Pierre Fabre Laboratories have received marketing authorisation in China for BRAFTOVI (encorafenib) in combination with cetuximab to treat adult patients with BRAFV600E-mutant metastatic colorectal cancer (mCRC) following prior systemic therapy.
The approval is based on results from the phase 3 BEACON CRC trial and the China-based NAUTICAL CRC bridging study.
Both studies showed significant survival benefits. BEACON CRC demonstrated a 40% reduction in risk of death, while NAUTICAL CRC showed a 45% reduction and a 63% decrease in disease progression or death among Chinese patients.
Marie-Andrée Gamache, CEO of Pierre Fabre Medical Care, said: “The marketing authorization for BRAFTOVI by the Chinese health authorities is a key milestone. Greater China is a priority strategic country for Pierre Fabre Laboratories.”
BRAF mutations occur in around 3–5% of Chinese mCRC patients, with V600E being the most common. These patients typically face poor outcomes and limited treatment options.
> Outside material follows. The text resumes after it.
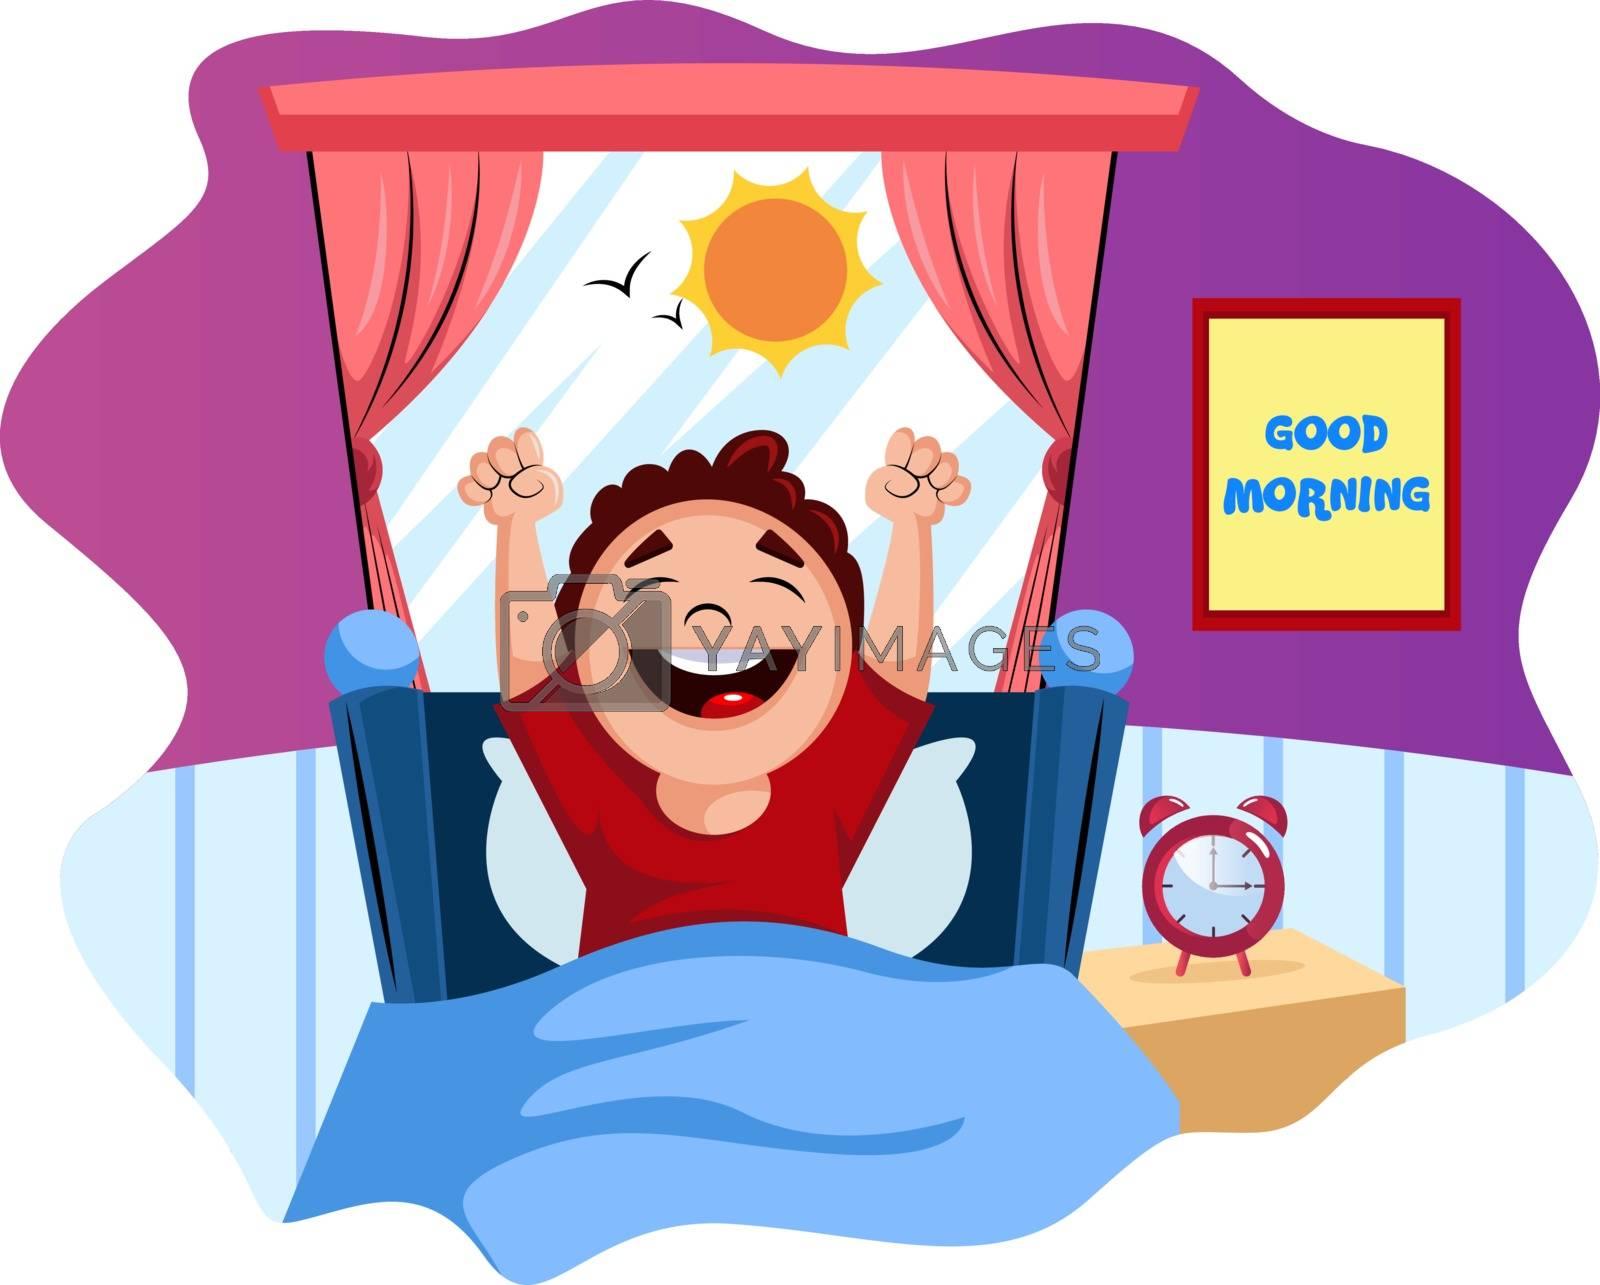 Royalty free image of Boy woke up happy illustration vector on white background by Morphart

Núria Perez-Cullell, Head of Medical & Patient Consumer Department, said: “This approval represents a significant advancement and is crucial for the patients in China with BRAFV600E-mutant mCRC facing this particularly unfavorable prognosis cancer.”
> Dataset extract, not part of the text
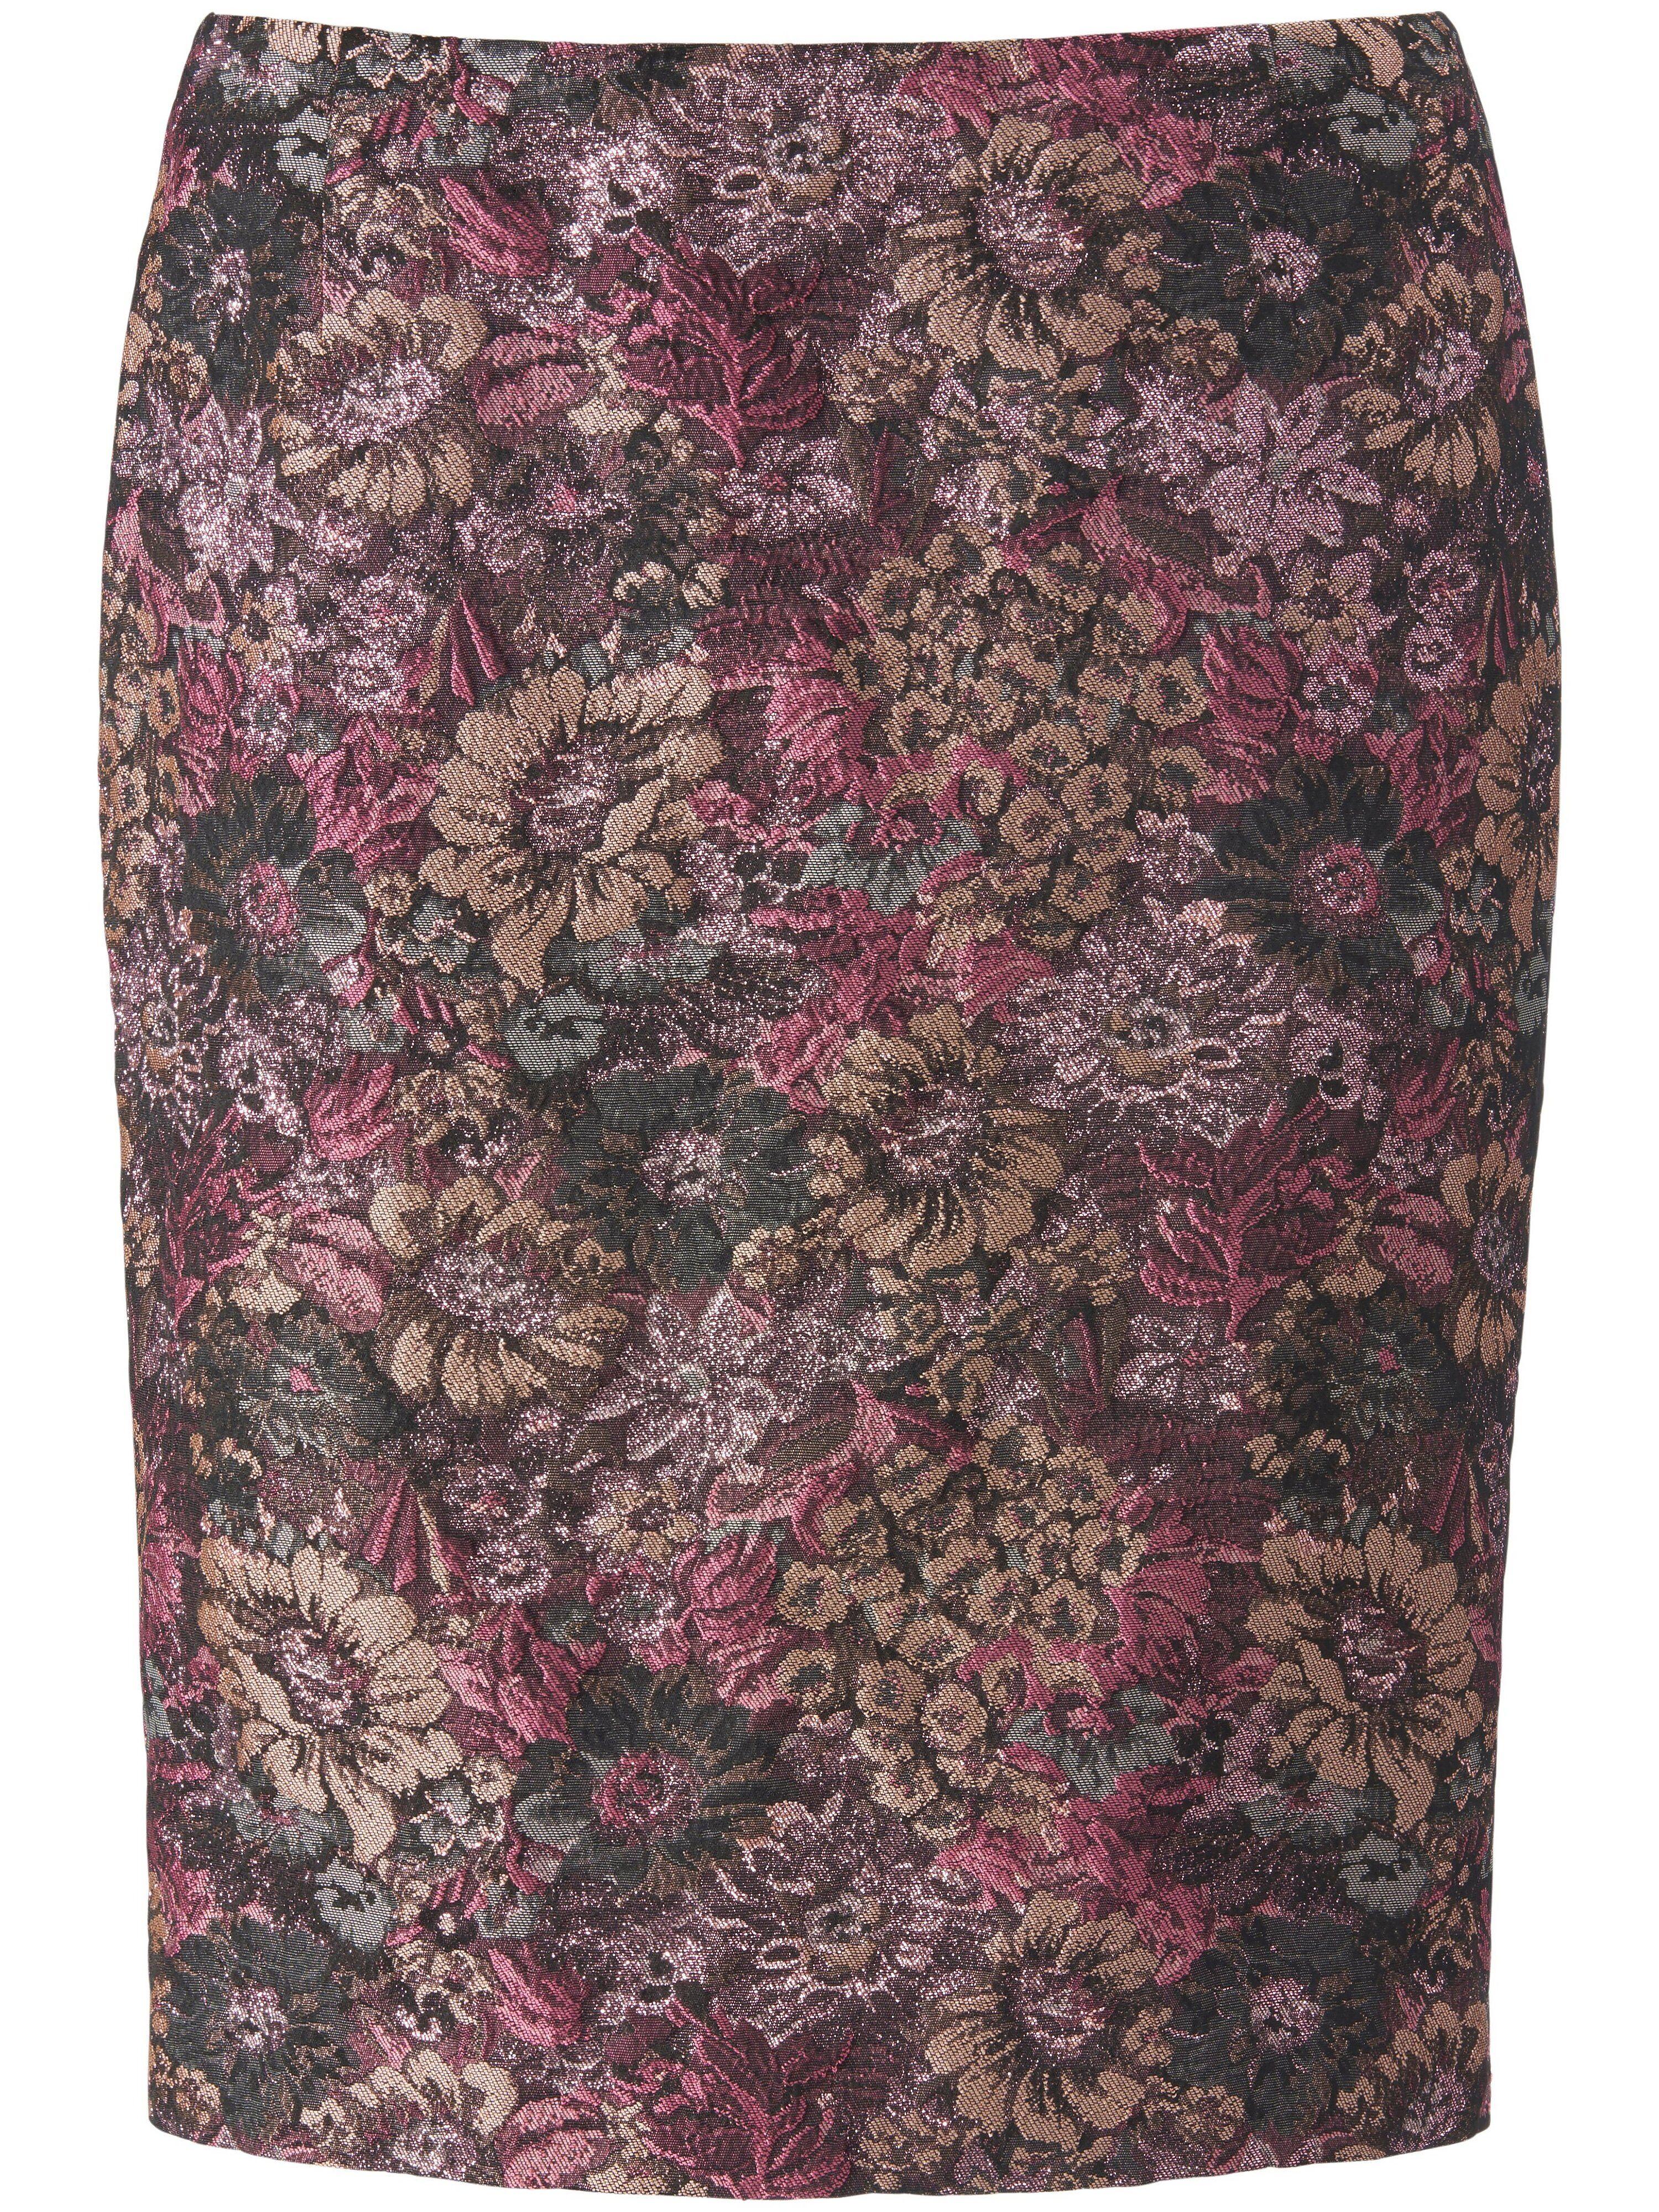 Uta Raasch La jupe ligne droite  Uta Raasch multicolore  - Femme - 40

Mr Tian Wee NG, Managing Director for Pierre Fabre Medical Care in Hong Kong and China, added: “The combination of BRAFTOVI with cetuximab provides renewed hope for Chinese metastatic colorectal cancer patients with a BRAFV600E mutation, offering a targeted cancer treatment regimen.”
The approval marks a major step in expanding precision oncology in China and reflects Pierre Fabre’s commitment to improving access to innovative therapies for hard-to-treat cancers.